In getting something like this to work, and to work rather well, it turns out that you cannot run through this procedure sequentially: syntax, semantics, pick the winner; next sentence: syntax, semantics, pick the winner; next sentence…. The picture is much more complicated. But let’s focus on imprecision. One thing James Allen and his teams at Rochester and at the IHMC, in Pensacola, have done over the years is to enable reasoning with partially interpreted sentences. It turns out that it is necessary to have some imprecise semantic structure to guide the parsing of the sentence. (For example, in a conversation with Tommy Chong, the noun ‘can’ is much more likely to mean toilet than food tin.) Yet to know which semantic structure to prefer, you have to know something about the general domain and specific situation in which your sentences appear. This, by the way, is the reason why NLP models on this architecture work best on fairly restricted domains, and also why they are better suited to spoken dialog than to written language. It is also an important reason why there was a tidal shift in the early 1990s away from language understanding to purely statistical models based on very little or no grammatical structure for written language. This was also around the same time that two Stanford graduate computer science students thought ‘Google’ might be a catchy name for a start-up company that ran with the linguistic-structure-is-useless idea.
Which brings us back to this idea that getting an exact, precise structure is necessary before one can do anything else philosophers might be interested in, before logicians can understand what should follow from what, before epistemologists can understand what supports what. The working assumption of orthodoxy, to continue, is that we may bracket the problem of how to fit our model to practice and pass that off to someone else down the line to solve; we may confidently work-away at our epistemic modelling based on precise structures since this idealization will be useful to that guy down the line as a normative standard to keep in mind when he’s cutting the corners that are necessary to fit together theory and practice. I don’t think that this picture is the right one to hold, however. The search for the logic of natural language “conditionals” is a good example: there is very little that we´ve learned about entailment or about epistemic support from studying conditionals. And what mysteries that remain about them are for the linguists to work on, not philosophical logicians.

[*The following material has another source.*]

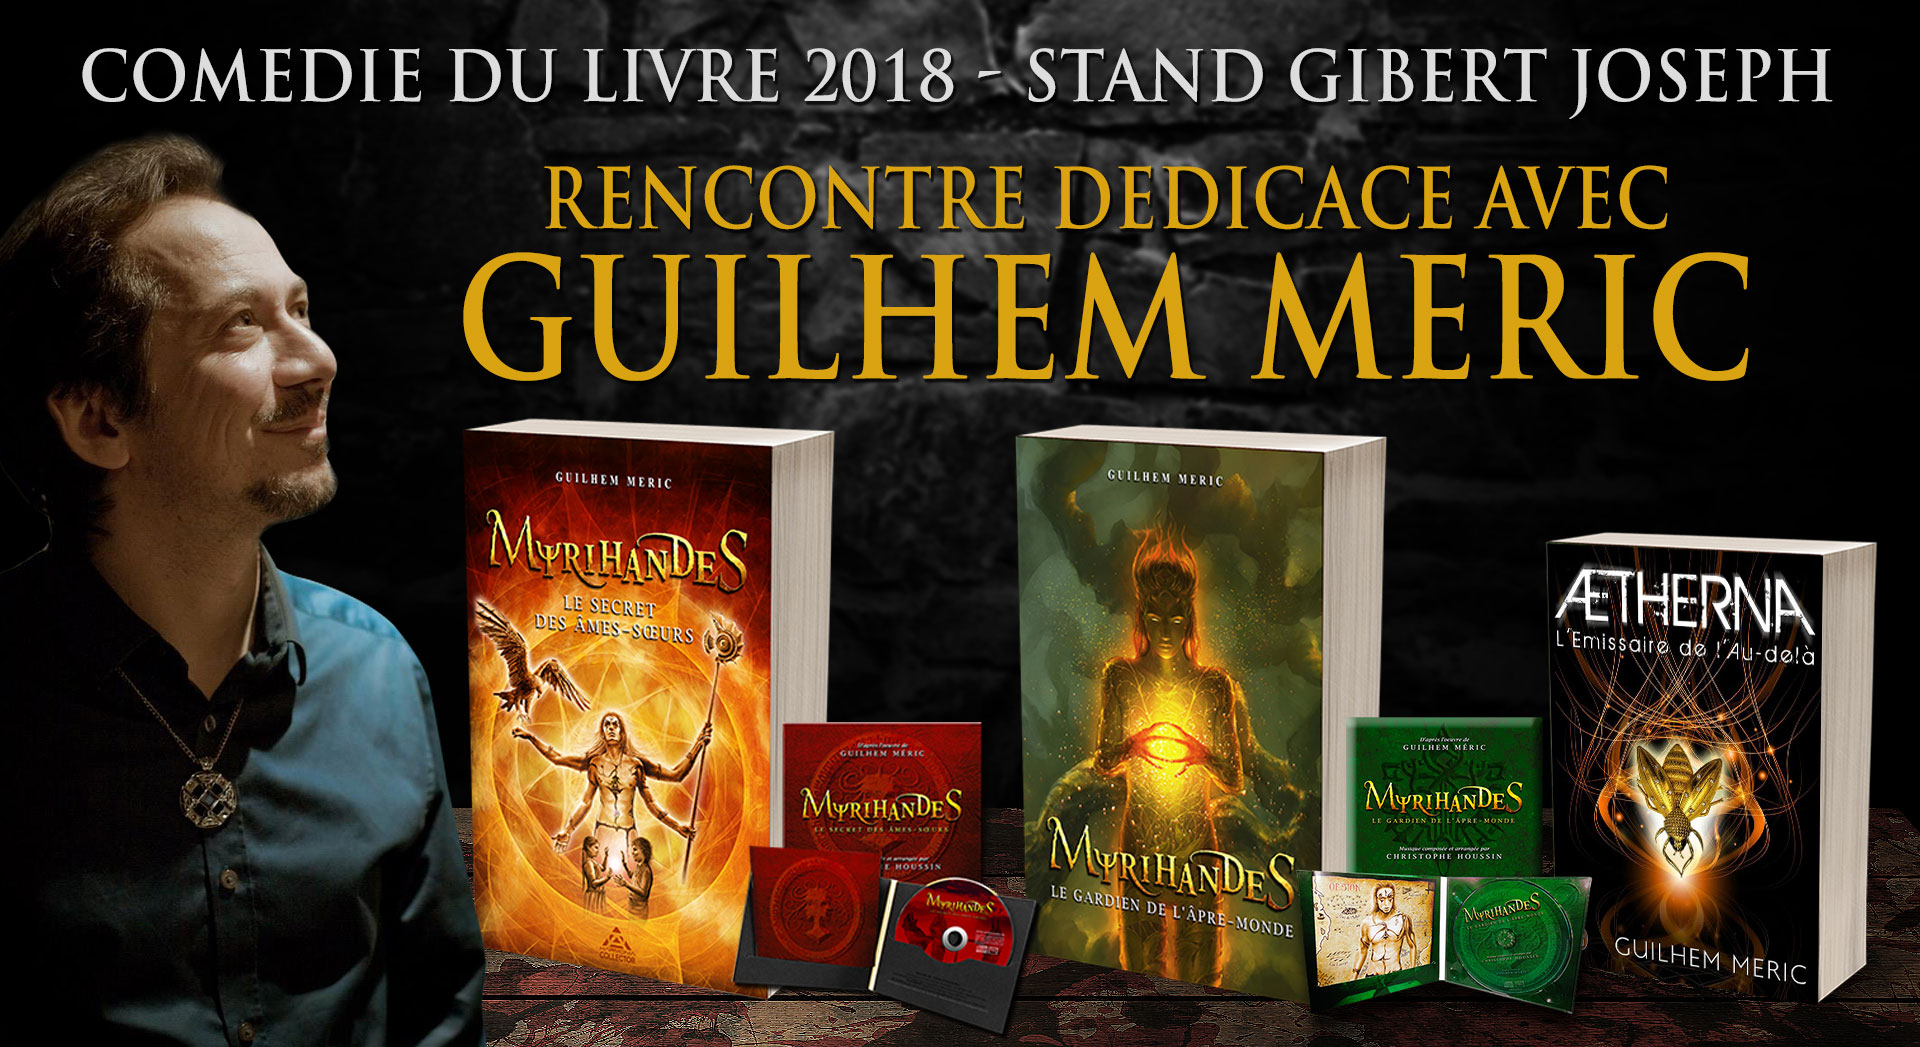 Dedicaces Guilhem Méric

Walley’s observations about statistical reasoning and Allen’s experience with natural language understanding systems (including “conditionals”!) are examples from two very different areas that offer evidence against the general methodological idea behind (iii). Finally, each case offers some evidence that the so-called pragmatic turn in epistemology is an important one; and it suggests that arguments against this turn that appeal to the dogma of precision ought not to be left unchallenged.